Memo

Triptyque de la Tentation de Saint Antoine, Bosch

Anima(l) ins(tin)cts, anima(ted) ins(e)cts

“An enigma.” “Incomprehensible.” “Illuminating knowledge with mystery.” These are some of the phrases that caught my eye as I leafed through the writings of René Magritte. Piles of books are spread around the book shop, some highly decorated. I decide upon ‘Les Mots et les Images’ (Brussels: Espace Nord, 2012), perhaps because it is a work that is simple in its complexity. I join the queue and once again I am surprised how easy it is to wait your turn in this city.

I smile at the pompous name of the place: Musées Royaux des Beaux-Arts de Belgique. I ponder this and many other thoughts crowding my head. Looking through a large window I see that once again it is raining in Brussels. A string of drops of water is forming underneath a cable strung horizontally. They look like diamonds, a beautiful trick of the light. Perhaps the most beautiful picture shown today on this island of museums, while we wander the room unaware of this small miracle. I pay and continue on my erratic visit.

“Obtaining an image that resists any explanation”, I read in ‘Les Mots et les Images’, and decide to move to the building next door that houses the Museum of Ancient Art: without reading any explanations but just letting myself be carried along. I lose my sense of direction. Suddenly, I find myself entranced in front of a tableau and I cannot help opening the Magritte book once again and writing in pencil on the first page which is always blank in books:

HIERONYMUS VAN AKEN dit BOSCH. Bois-le-duc? 1516
réplique
TRIPTYQUE DE LA TENTATION DE SAINT ANTOINE
avers SCÈNES DE LA TENTATION DE SAINT ANTOINE
revers, volet gauche L’ARRESTATION DU CHRIST
revers, volet droit LE PORTEMENT DE CROIX
signé – inv. 3032

“The connection is dubious”, a man says softly to a woman. The notice said: réplique (replica). I smile once again because another of the Magritte quotes I have remembered comes into my head: “It is not necessary to see a picture; a reproduction is enough.”
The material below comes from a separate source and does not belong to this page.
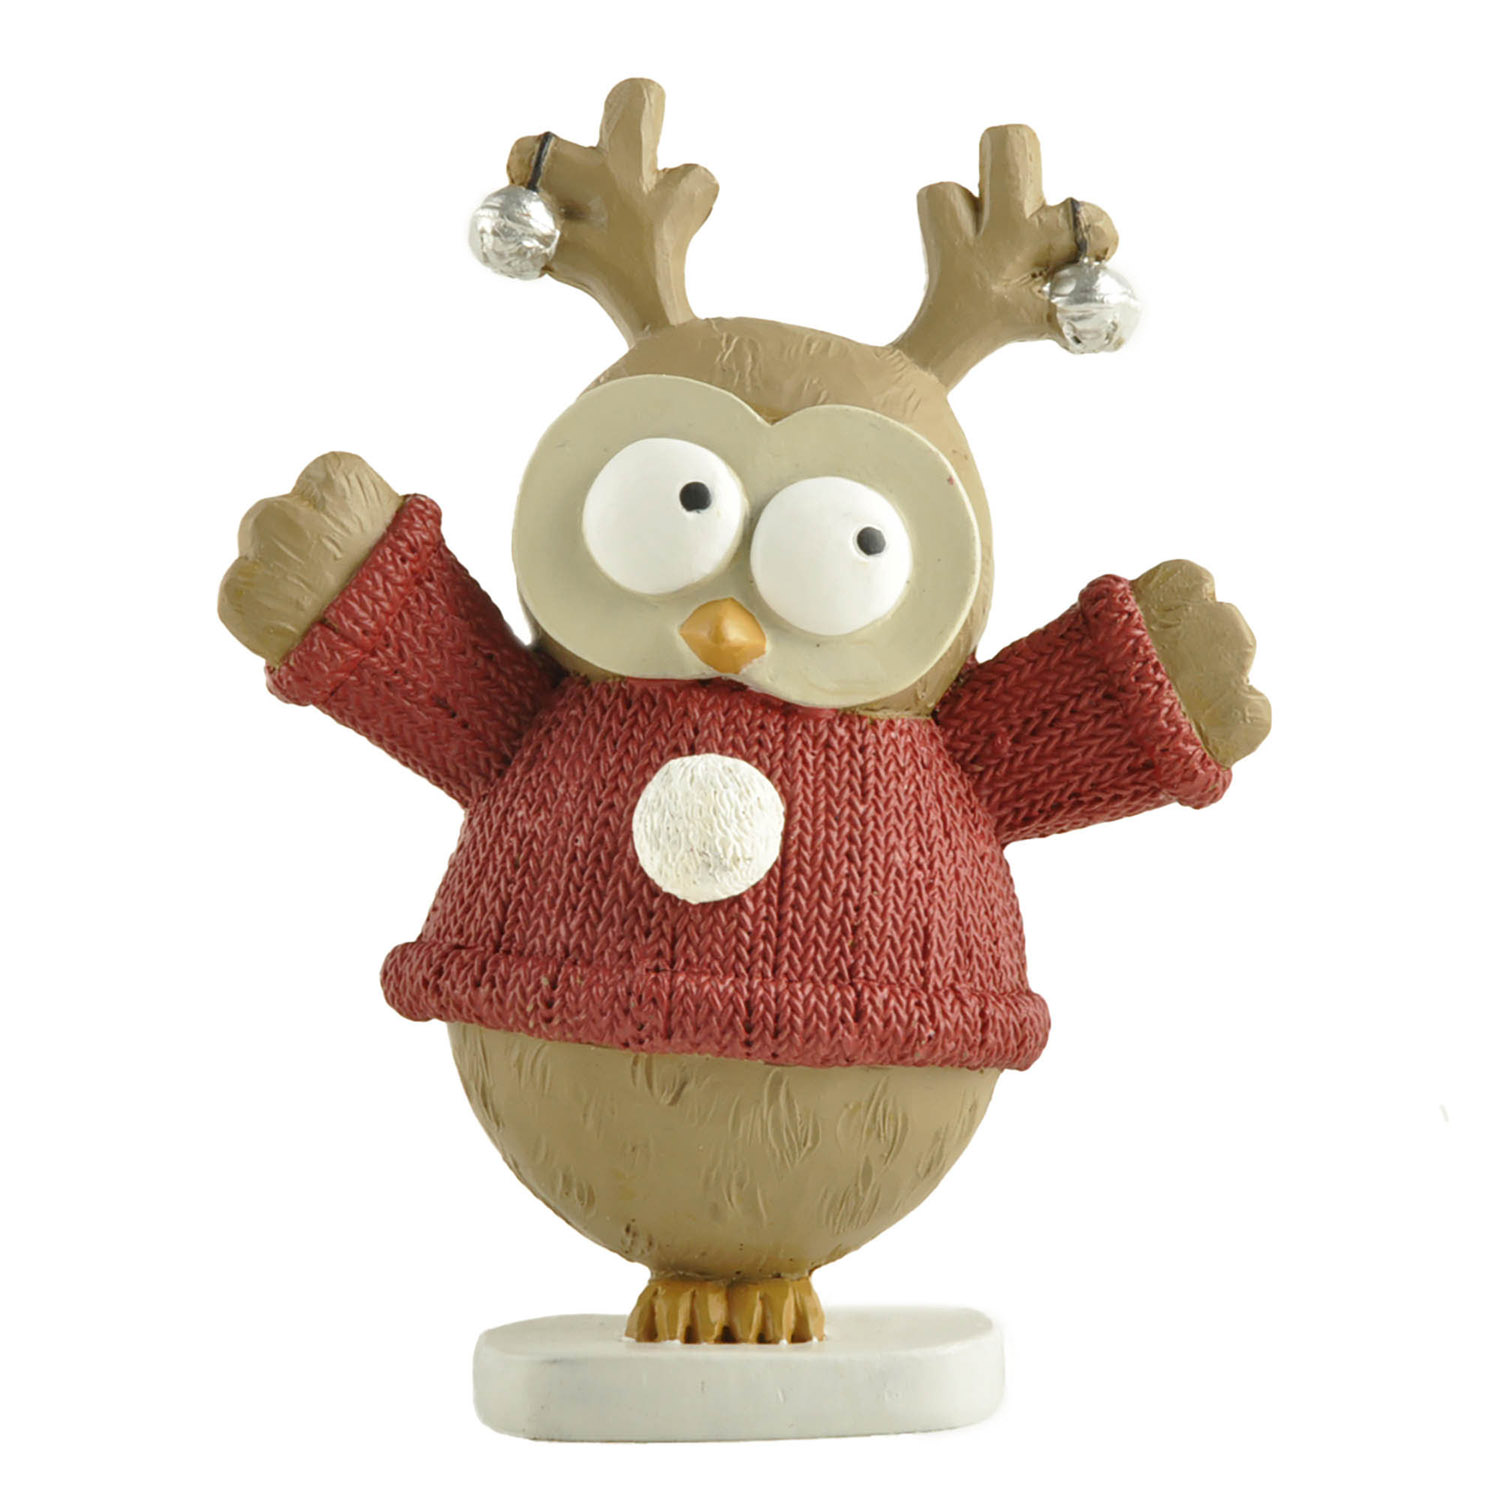 Cute Resin Owl Figurine with Reindeer Antlers and Jingle Bells– Festive Christmas Decoration for Home and Office 238-13898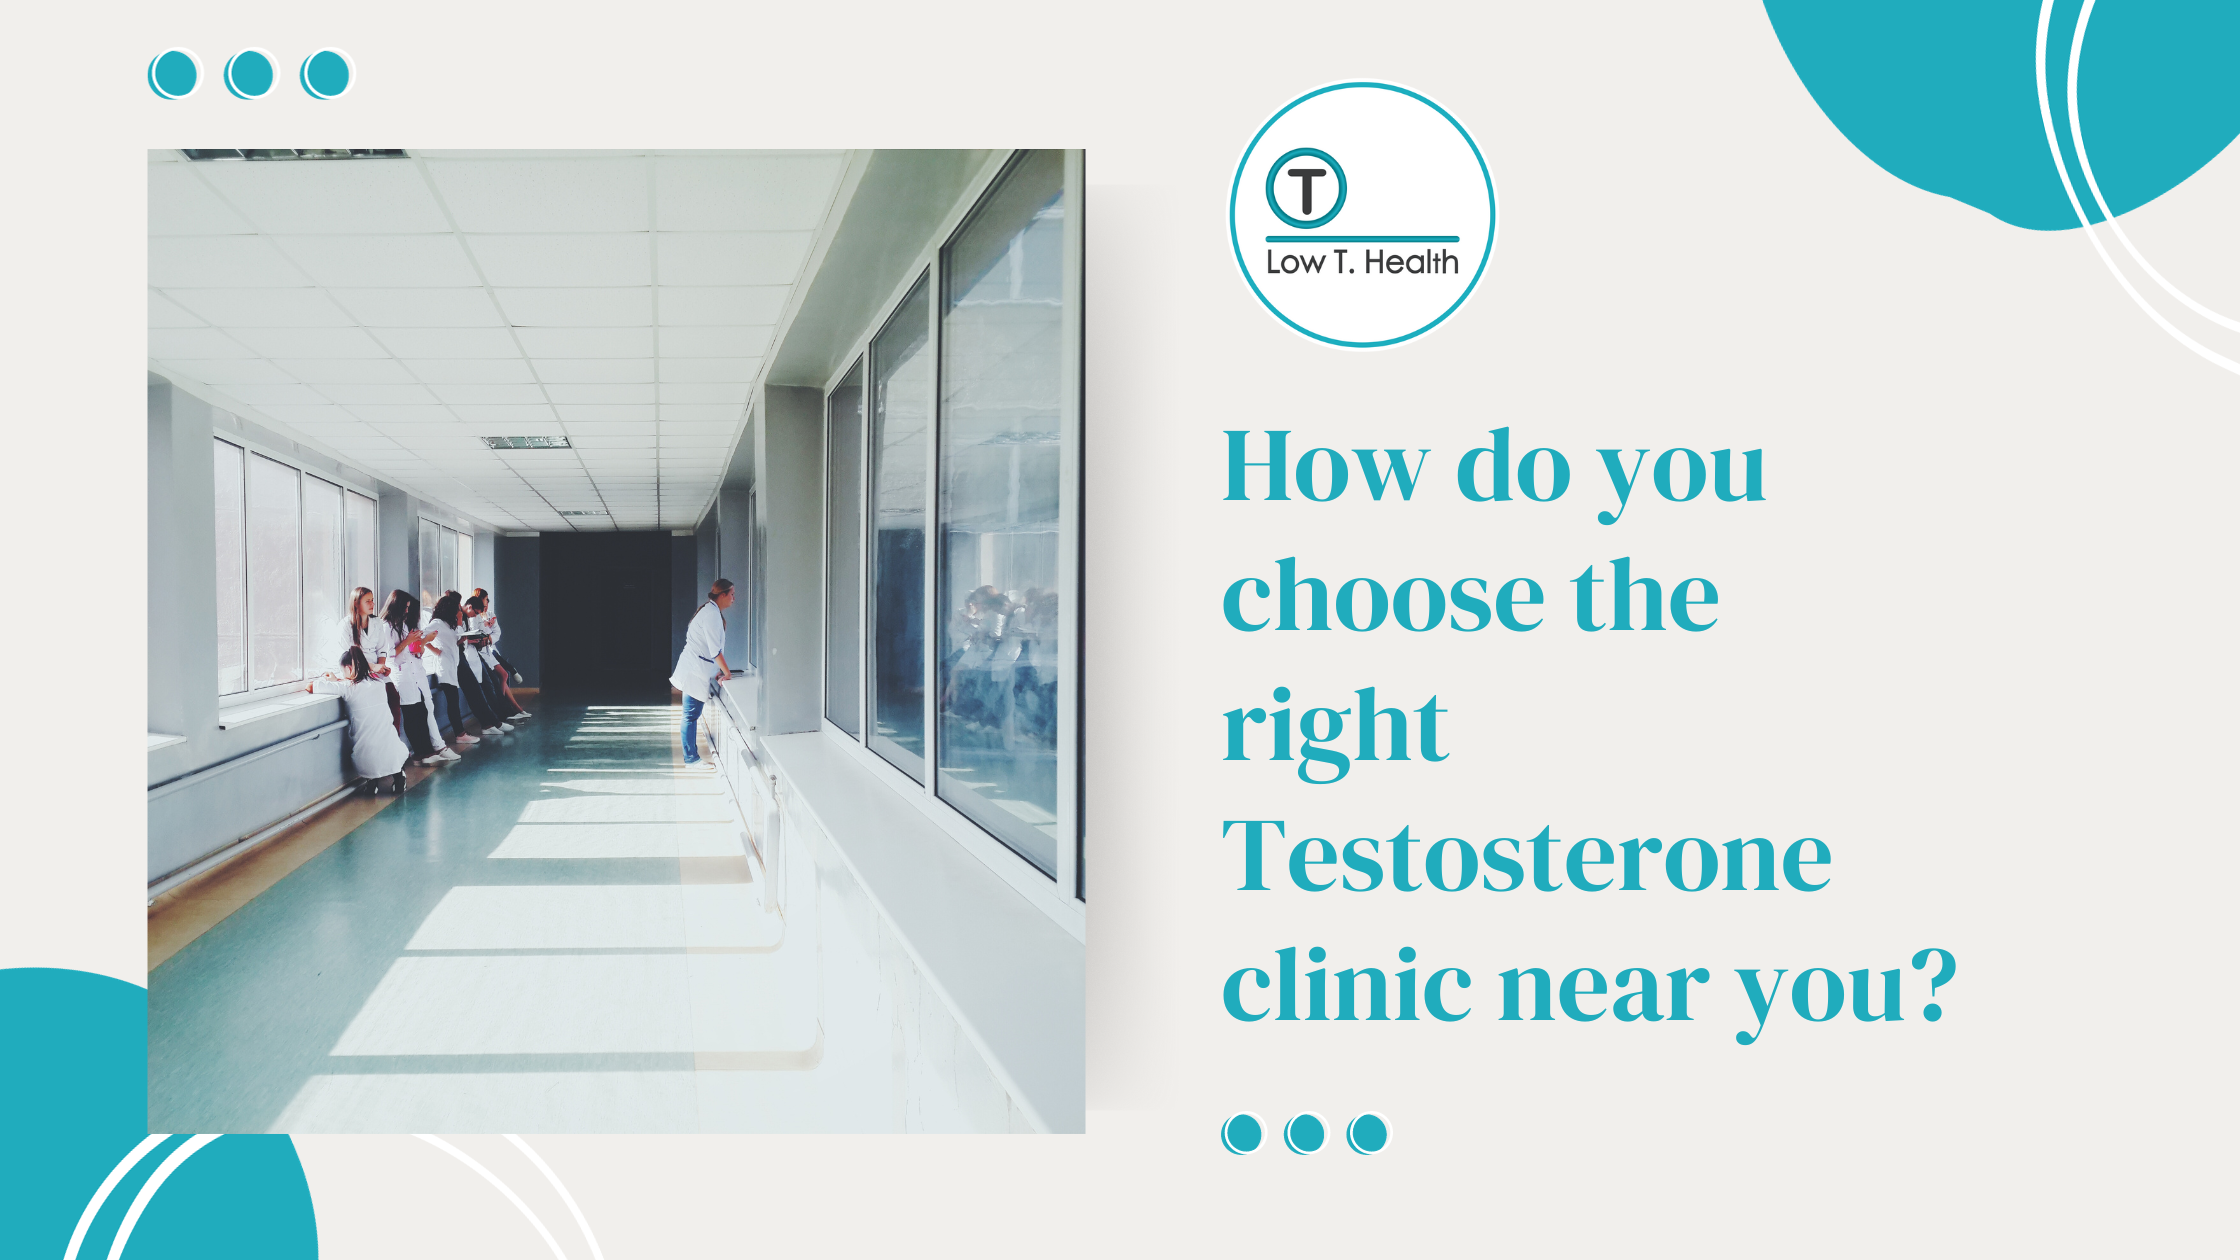 How do you choose the right Testosterone clinic near you?

The triptych is displayed splendidly. It looks like a window, with the two shutters open pair by pair, reflecting in another dimension the scene that is taking place through this glass metaphor. The horizon appears aligned in the three tableaux, joining together each of the tales depicted. However, one’s eyes give up on seeing the whole: they are irresistibly drawn to each detail, to these series of infernal creatures advancing in processions like a puzzle of miniature wing-beats.

There are fish devouring each other, snakes with horses’ feet, nuns with rats’ tails, spiders with many more legs than real spiders, hills that turn out to be men on all fours with their anuses swollen, flying insects impossible to imagine… Pacheco said that Bosch was a “painter of lascivious whims”, and the comic Quevedo called him an “unbeliever who covers his lack of faith with mockery”. But today I want to leave aside all these stories and history itself, even the figure of Saint Anthony as the first hermit who had to withstand terrible attacks by the devil.

Suddenly time stands still. About two hours ago I saw a man with a fish head painted by Magritte. Now I find myself hypnotised by this impossible collection of beasts. A few rooms further on I will find the fall of the rebel angels described so well by Brueghel: a zoological collection of insects and other animated creatures. There is a woman with butterfly wings beating to the rhythm of her animal instinct and a fish waving his man’s arms with sorrow.

I look out of the window again. The rain keeps falling in this city. I ask myself if it is yesterday, today or tomorrow. Because the drops are still there like magnifying glasses. If you get closer, what a world of mystery each contains.